A tunnel that tells a vision of the city, a course in the past of social struggle, rails plunging into the Rhône, a villa embedded in a building… Since 2014, Rue89Lyon has been helping you discover Lyon and its heritage with a particular eye: that of the Anti-Routard. In this map, explore the city through places, stories and portraits like you’ve never seen it before.

Do you know the anti-backpacker of Lyon? When Rue89Lyon launched this series in 2014, the objective was to discover places, buildings, or unknown monuments in Lyon, far from tourist guides.

But the unusual is not everything. Gradually, our goal has been to lead the reader to question his environment. What is this building? What does he say about Lyon? How does his story illustrate current events?

Today, anti-backpackers talk as much about unusual places, like this pretty villa next to the Part-Dieu station, completely engulfed by a modern building but kept intact, as about characters or places that tell the story of a district.

Sometimes these articles come back to the gentrification of a district, as through the portrait of Les Valseuses. Sometimes, they explain the reason for a wart at the entrance to the city, with the Tunnel de Fourvière. Sometimes they tell a moment of history, as with the Court of the Ravenous or the end of an era, with the closure of the Other side of the bridge. In any case, their purpose is to shed light on current events, like that on the eternal bad reputation of the Guillotière district.

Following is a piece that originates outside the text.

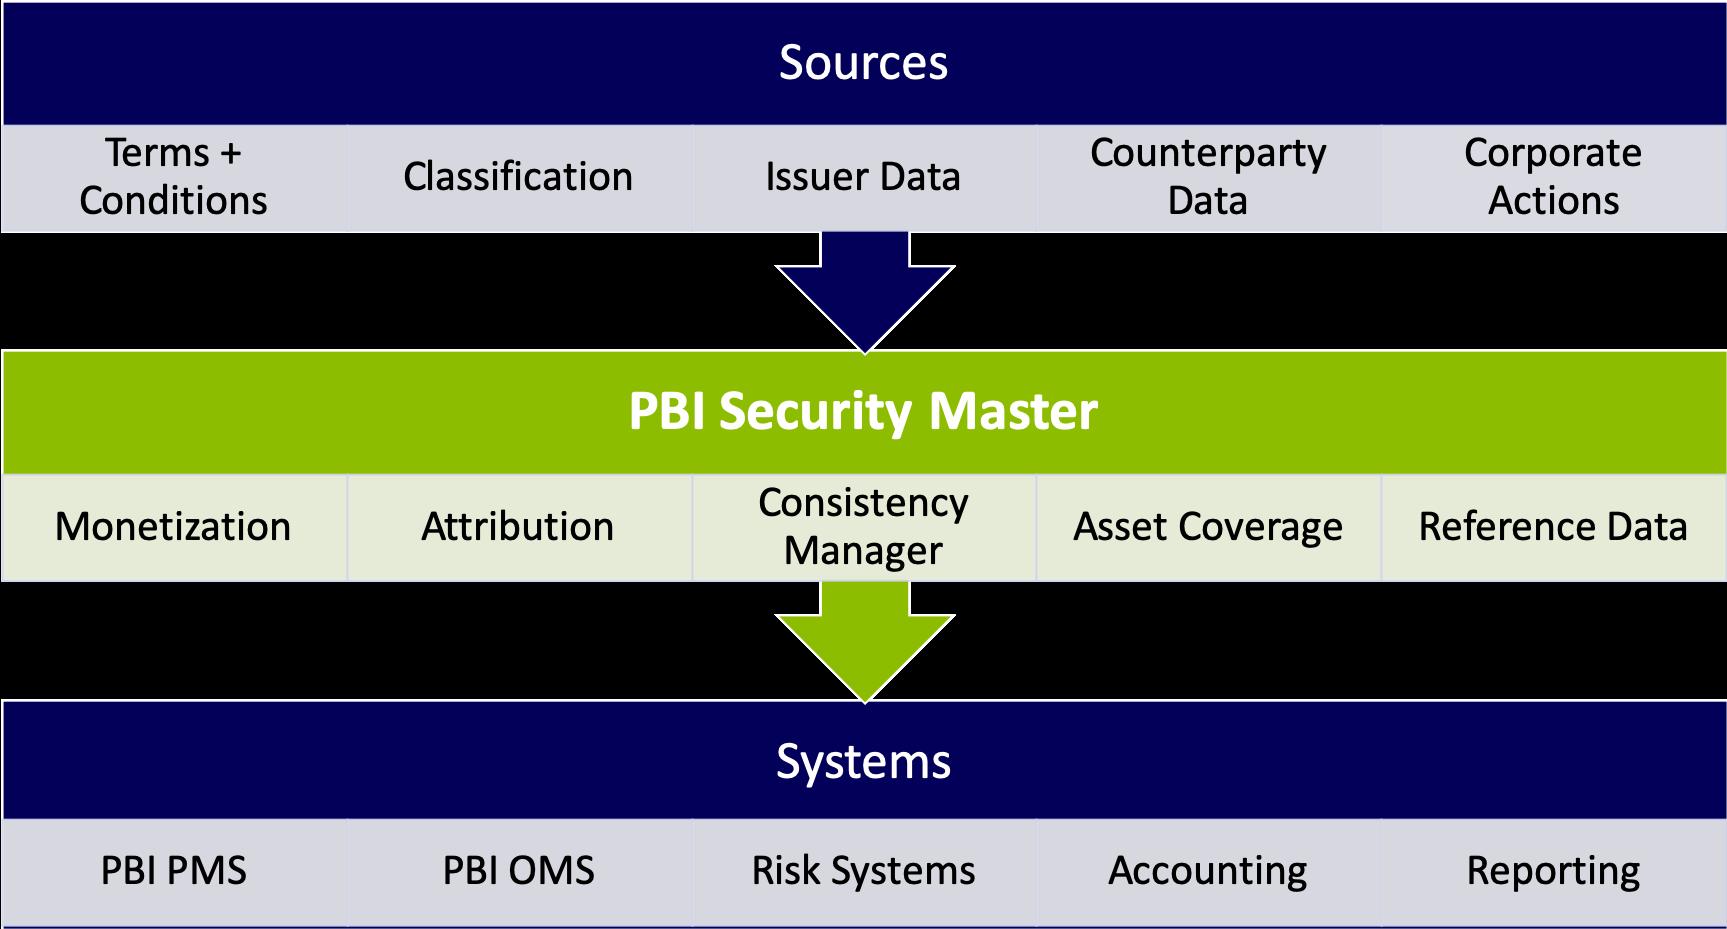 PBI Security Master diagram of an organizations workflow.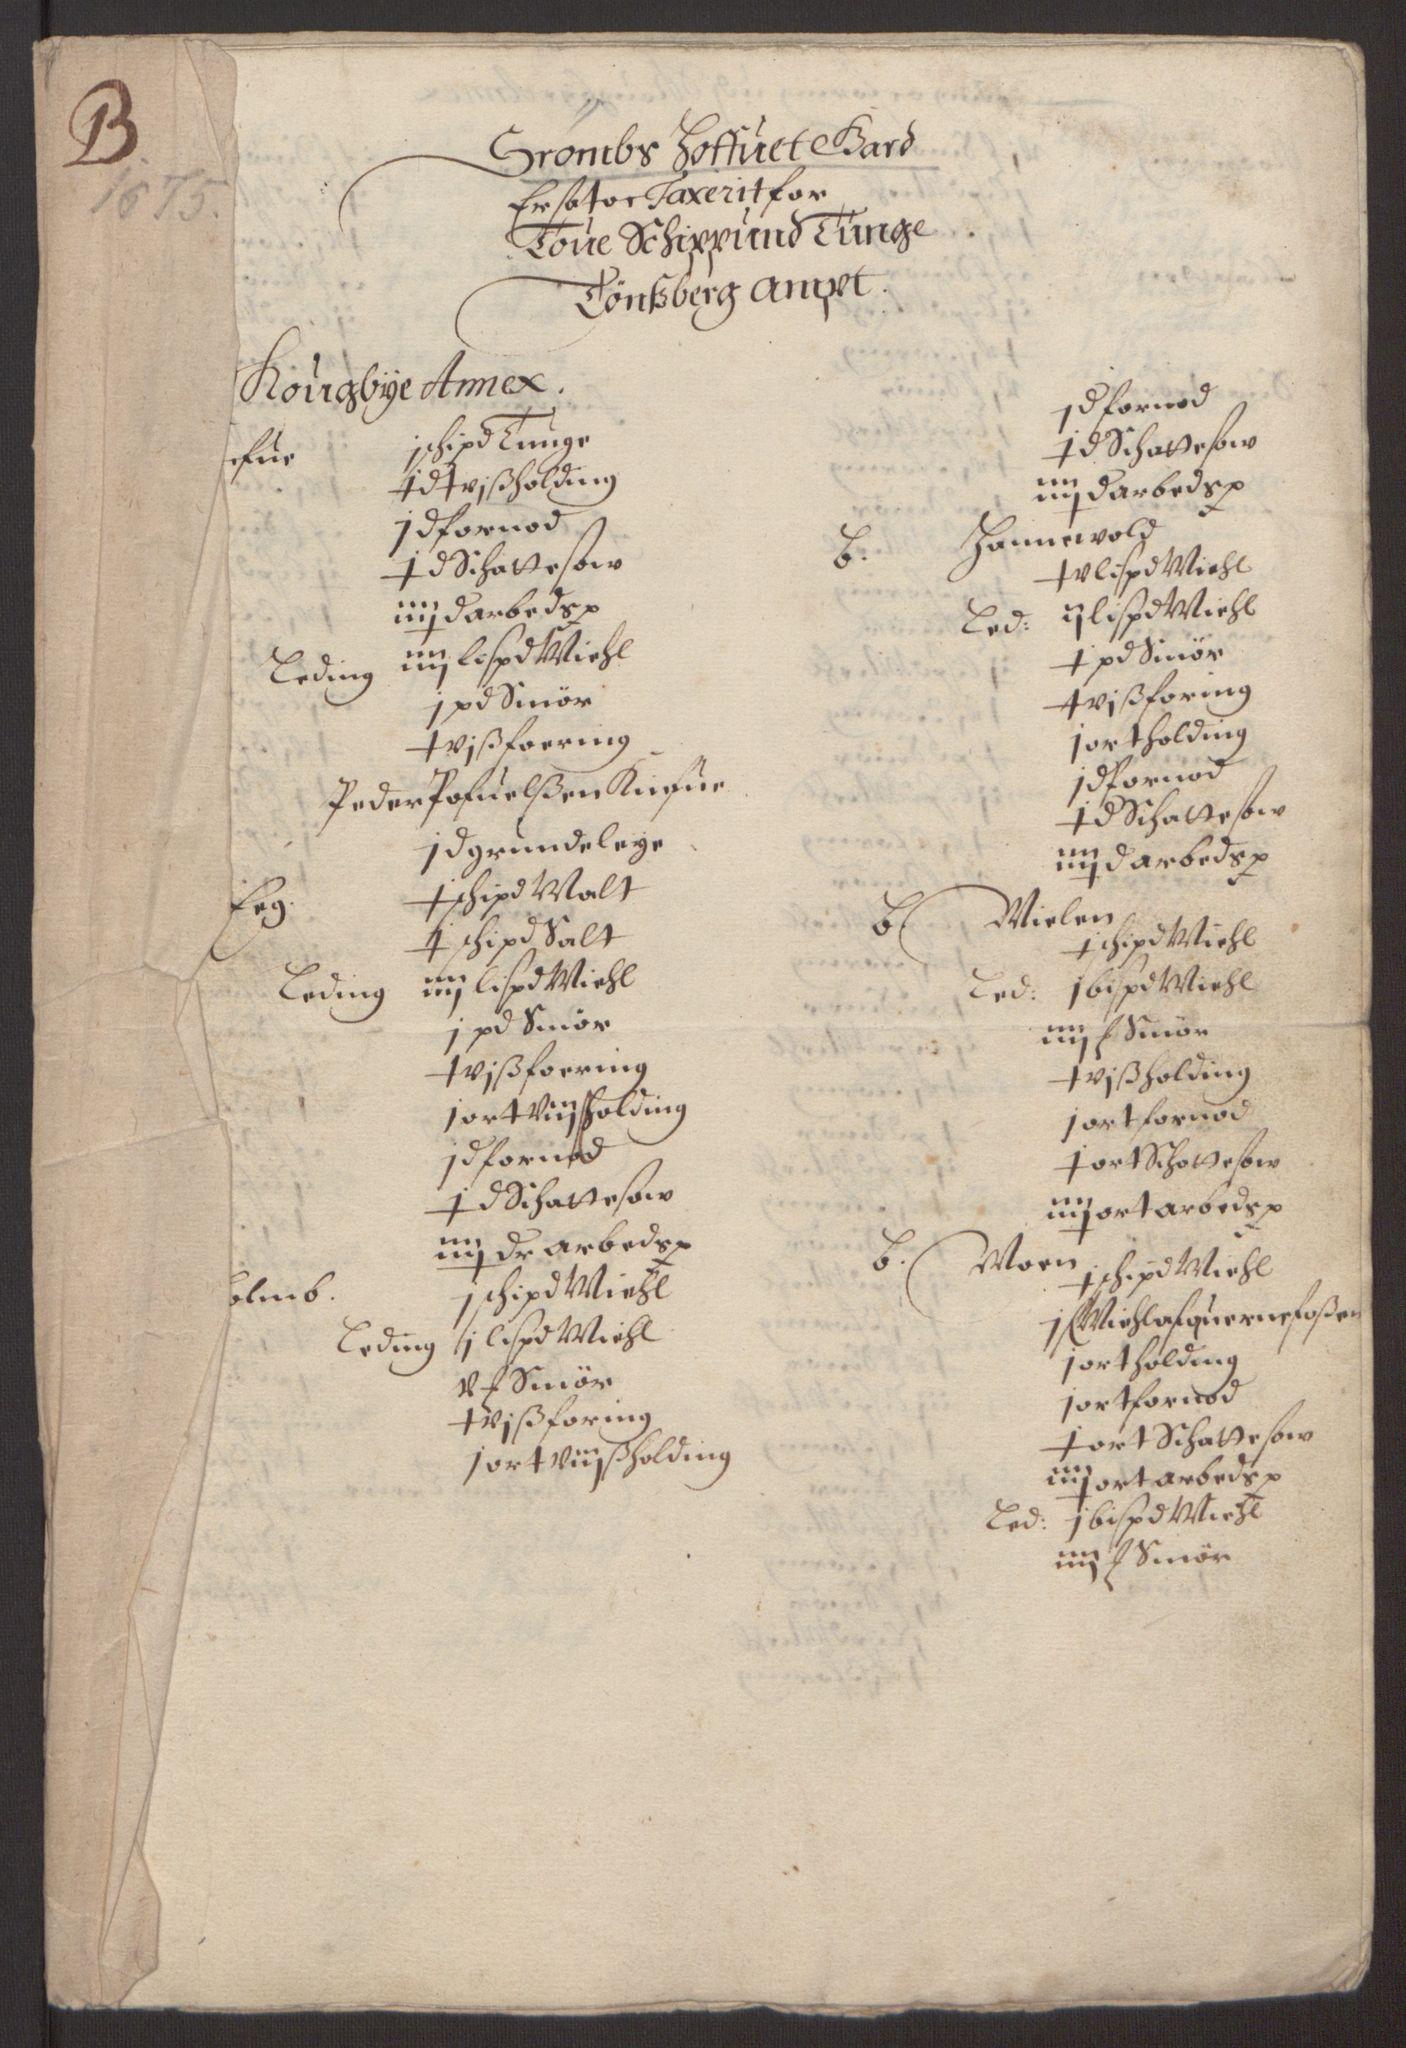 RA, Rentekammeret inntil 1814, Reviderte regnskaper, Fogderegnskap, R32/L1844: Fogderegnskap Jarlsberg grevskap, 1674-1675, s. 405

In this map, we invite you to discover them one by one.

Tired of the Routard guide? We offer you the Anti-Routard de Lyon. A guide away from tourist paths. ©DR

The little-known story of well-known places

Note that another important criterion guides our choices for this anti-backpacker: all the places we present to you must be accessible to the public even if it is only a few days a year. Or at least be visible from the outside.

Some places are well known. Of all, or of their neighborhood. But their stories are much less so. The Villa Berliet, which bears the name of the famous family of automobile manufacturers or another bourgeois building, the Villa Monoyer, which still belongs to the family of this ophthalmologist from Lyon. You don’t know him? Yet he is the inventor of the famous vision test that you all passed one day.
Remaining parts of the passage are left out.